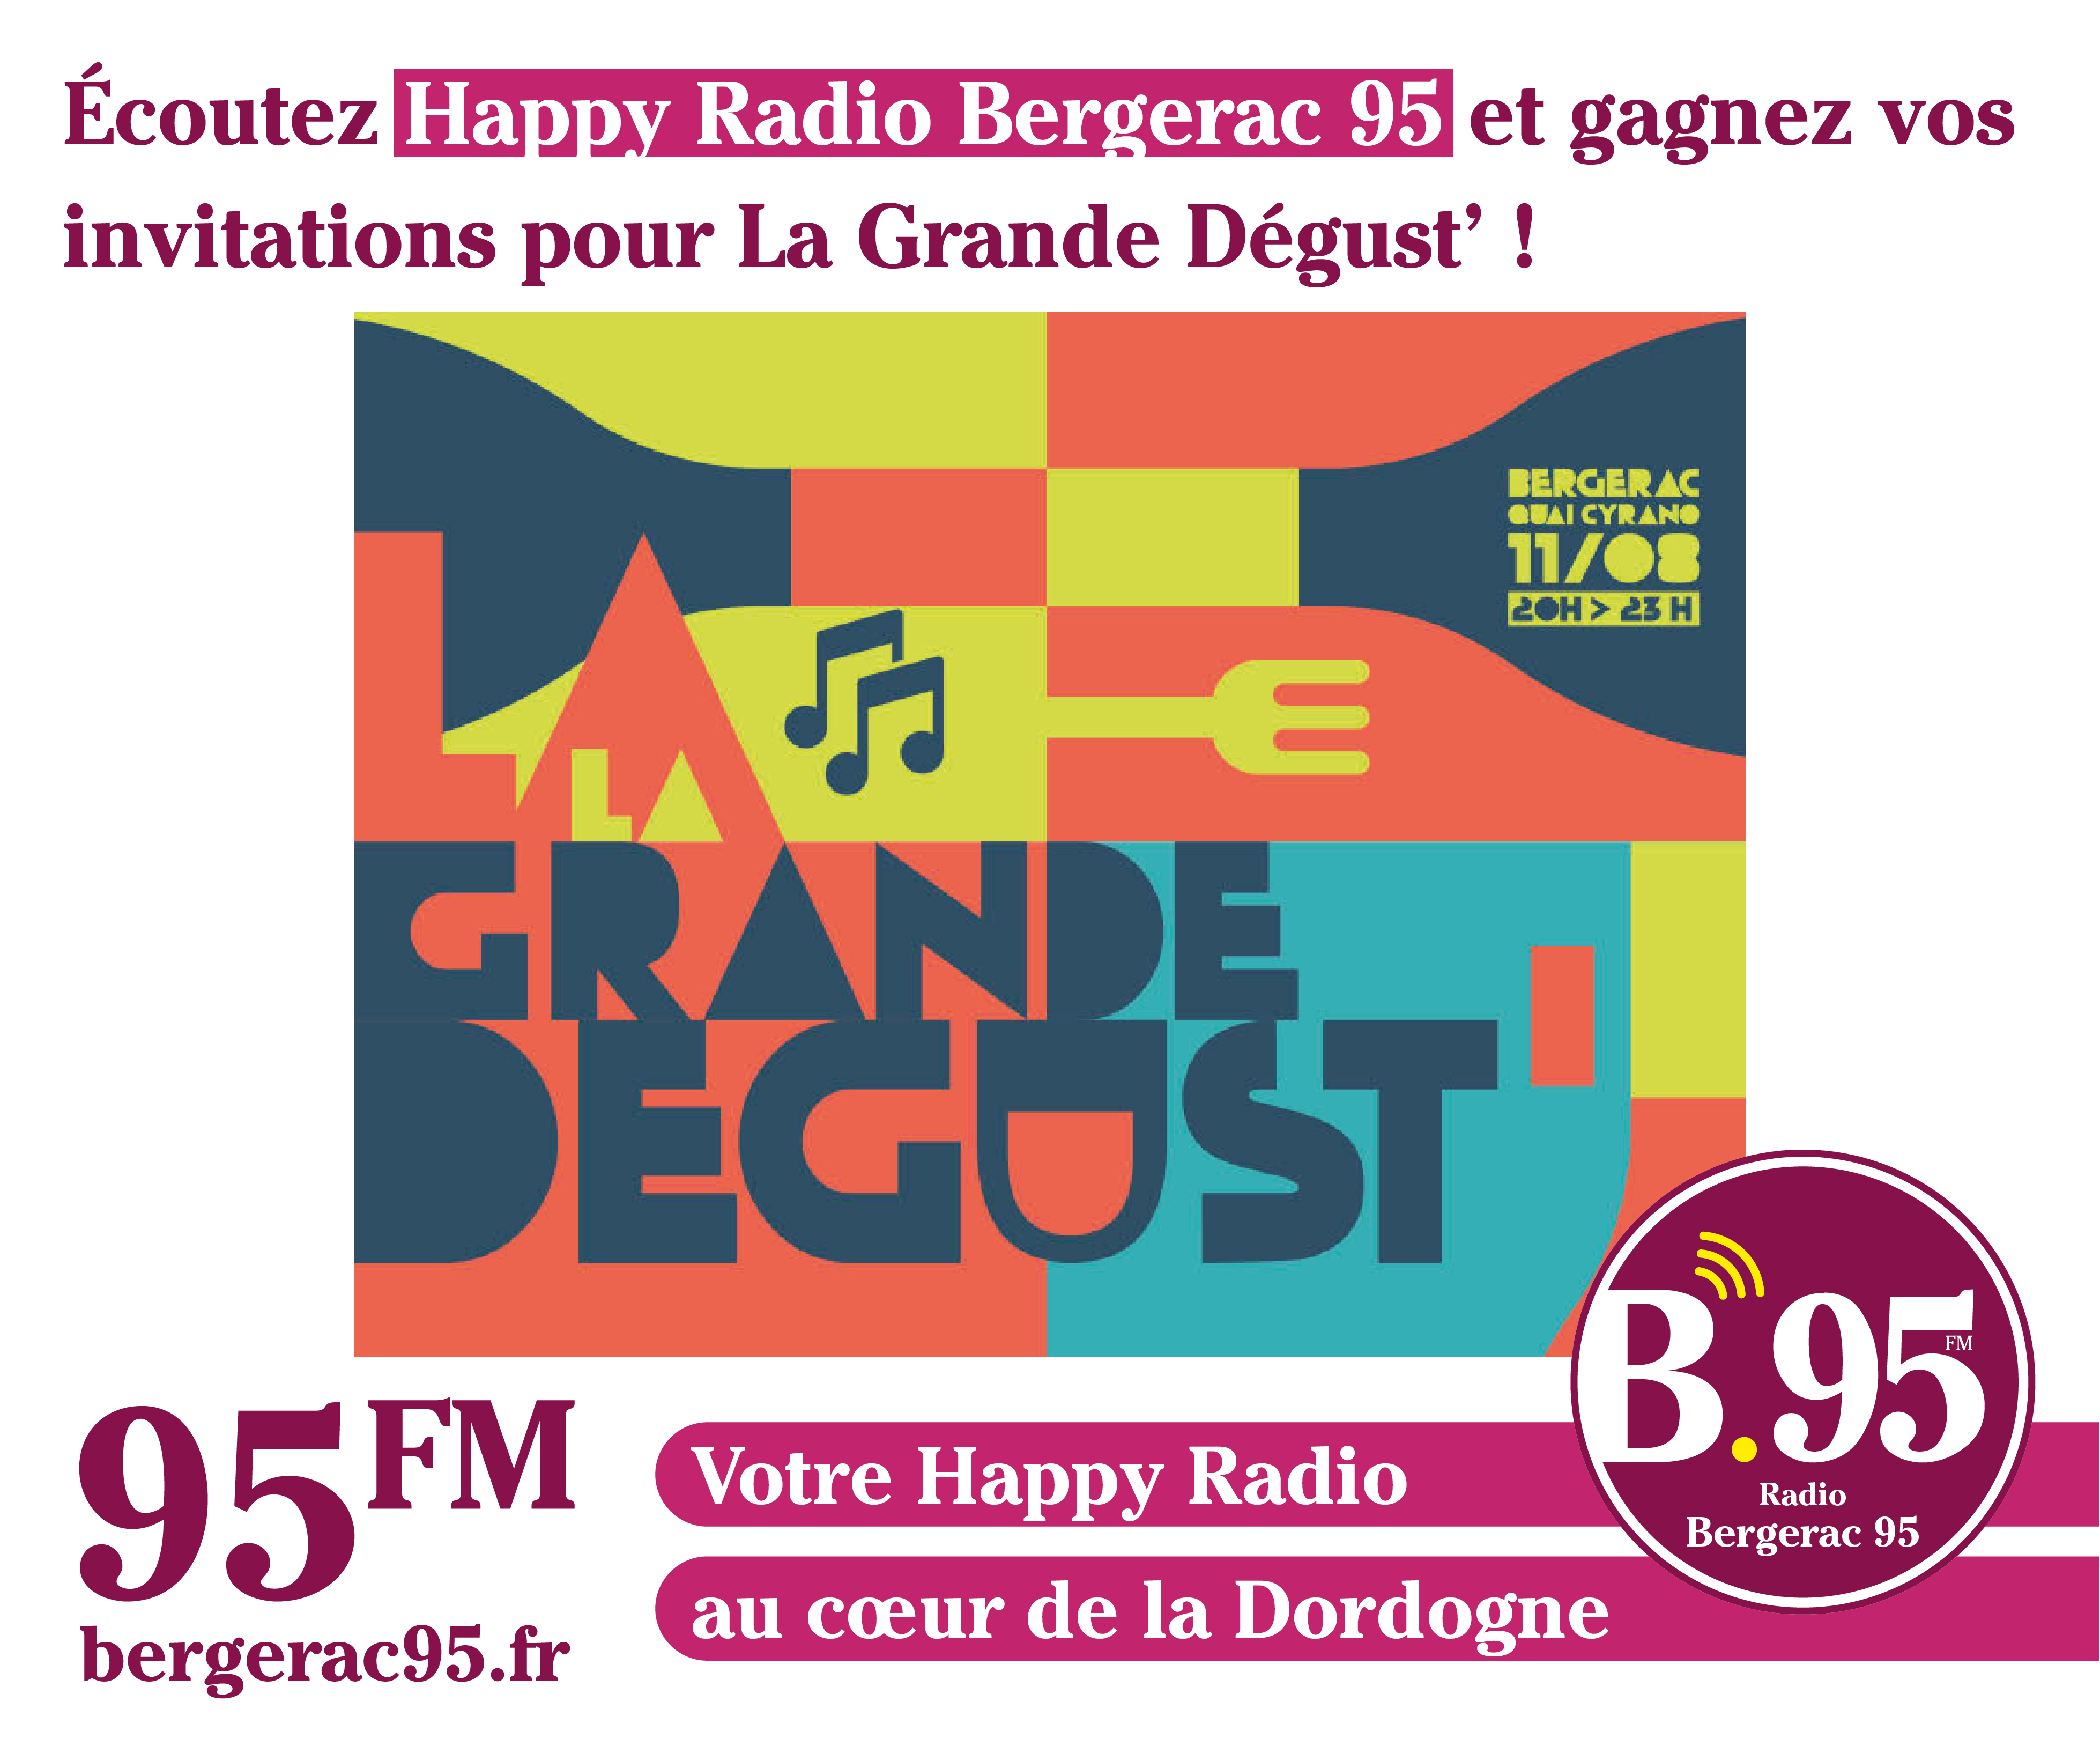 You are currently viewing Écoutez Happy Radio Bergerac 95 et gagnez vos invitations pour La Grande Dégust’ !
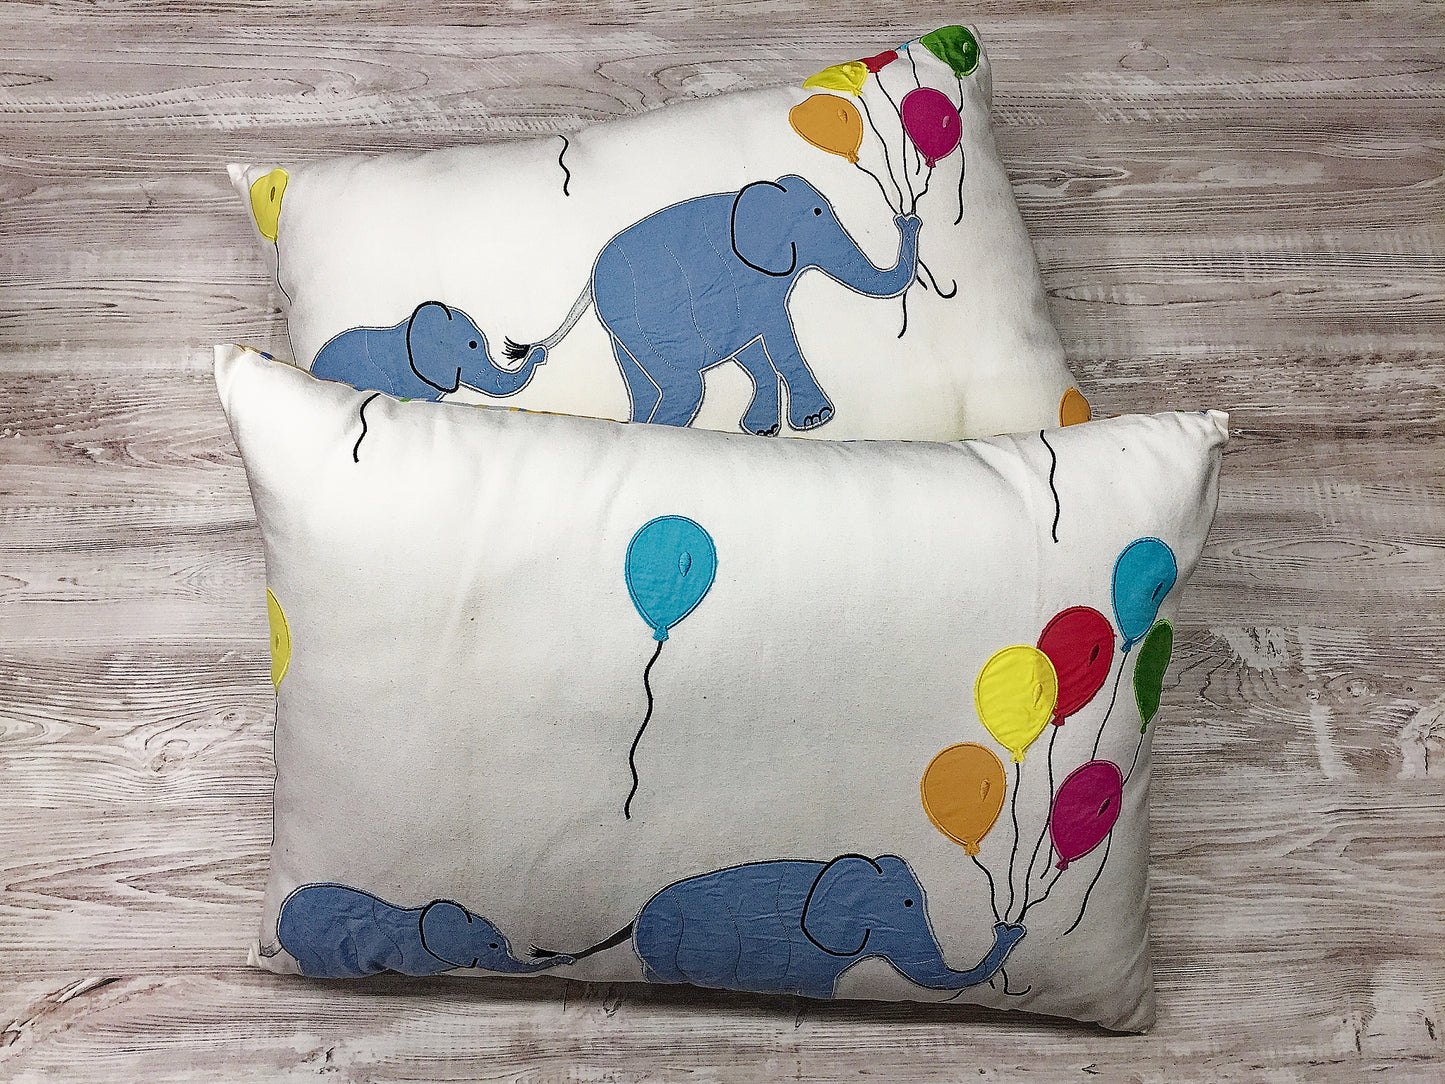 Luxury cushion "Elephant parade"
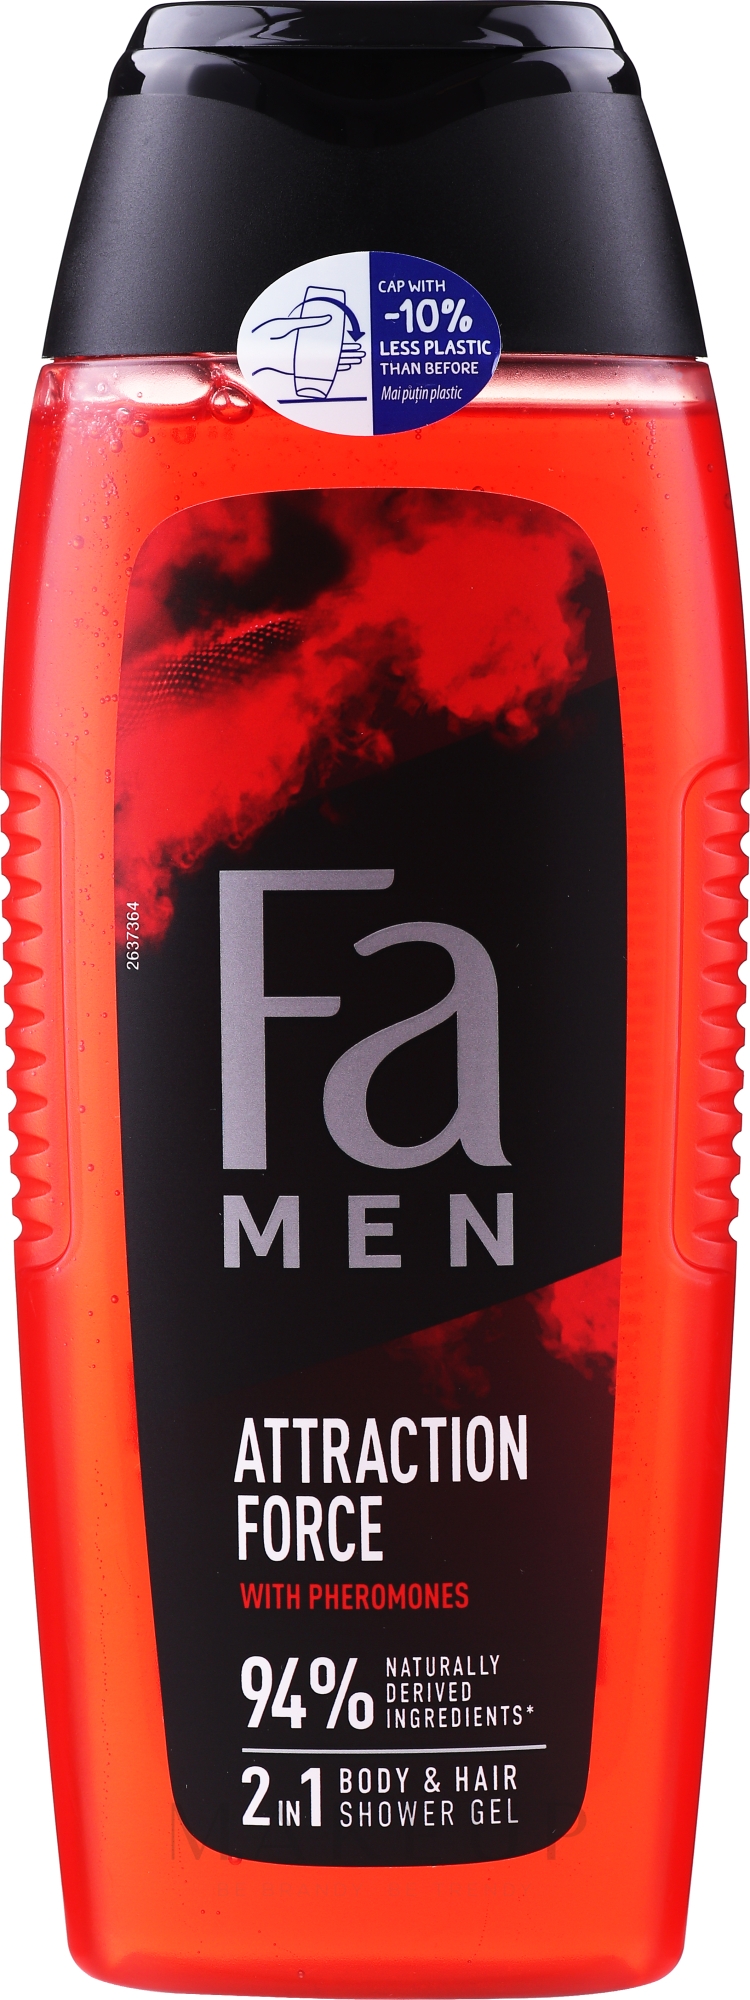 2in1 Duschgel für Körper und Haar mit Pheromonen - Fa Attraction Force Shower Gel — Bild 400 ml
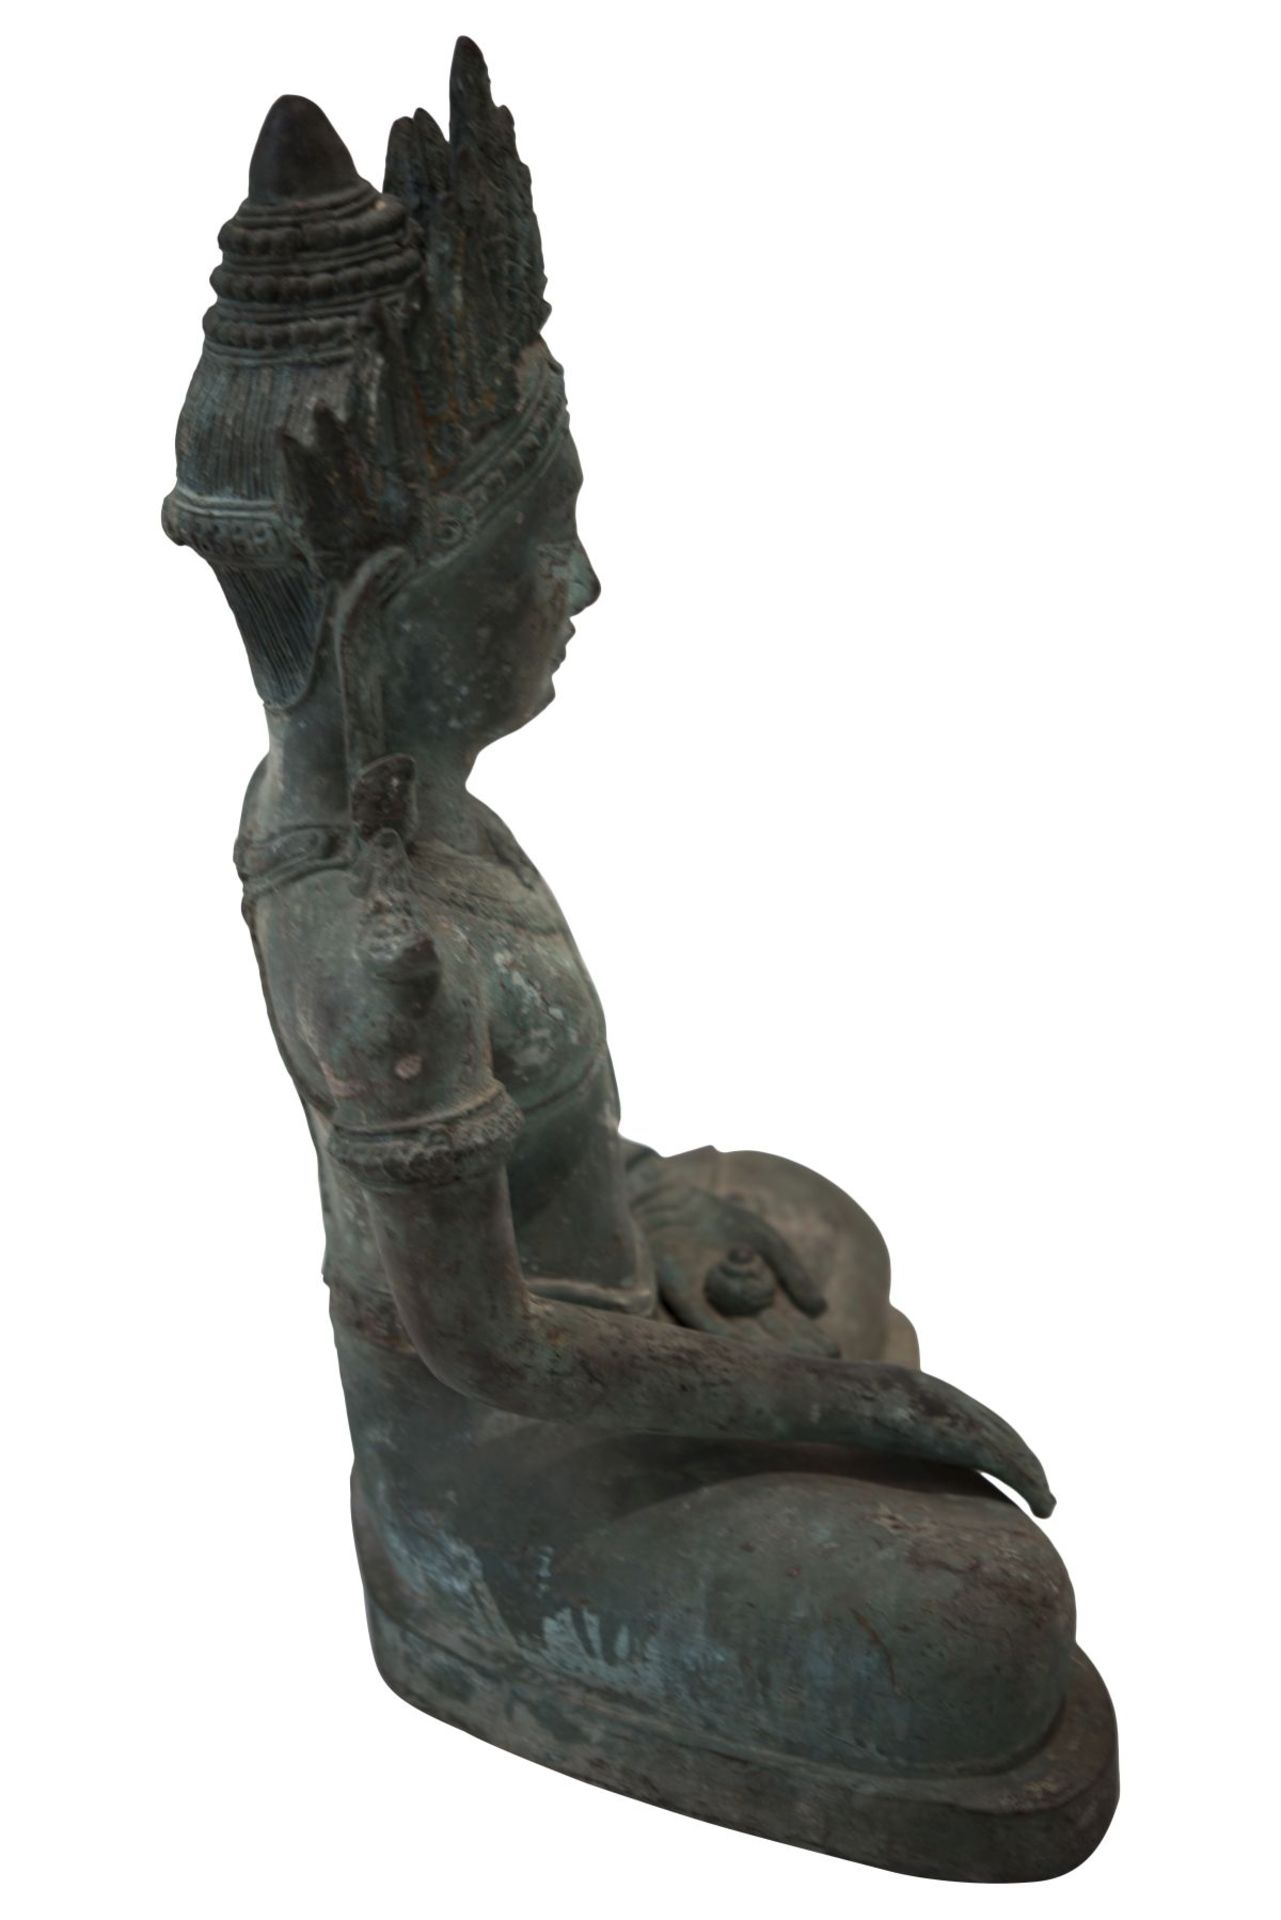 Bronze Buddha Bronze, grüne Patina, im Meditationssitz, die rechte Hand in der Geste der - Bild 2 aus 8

_ _ _ _

The task calls for duplicating the data exactly, with no images kept.

Exercise solution =
 You are currently viewing Écoutez Happy Radio Bergerac 95 et gagnez vos invitations pour La Grande Dégust’ !
 Luxury cushion "Elephant parade"
 2in1 Duschgel für Körper und Haar mit Pheromonen - Fa Attraction Force Shower Gel — Bild 400 ml
 Bronze Buddha Bronze, grüne Patina, im Meditationssitz, die rechte Hand in der Geste der - Bild 2 aus 8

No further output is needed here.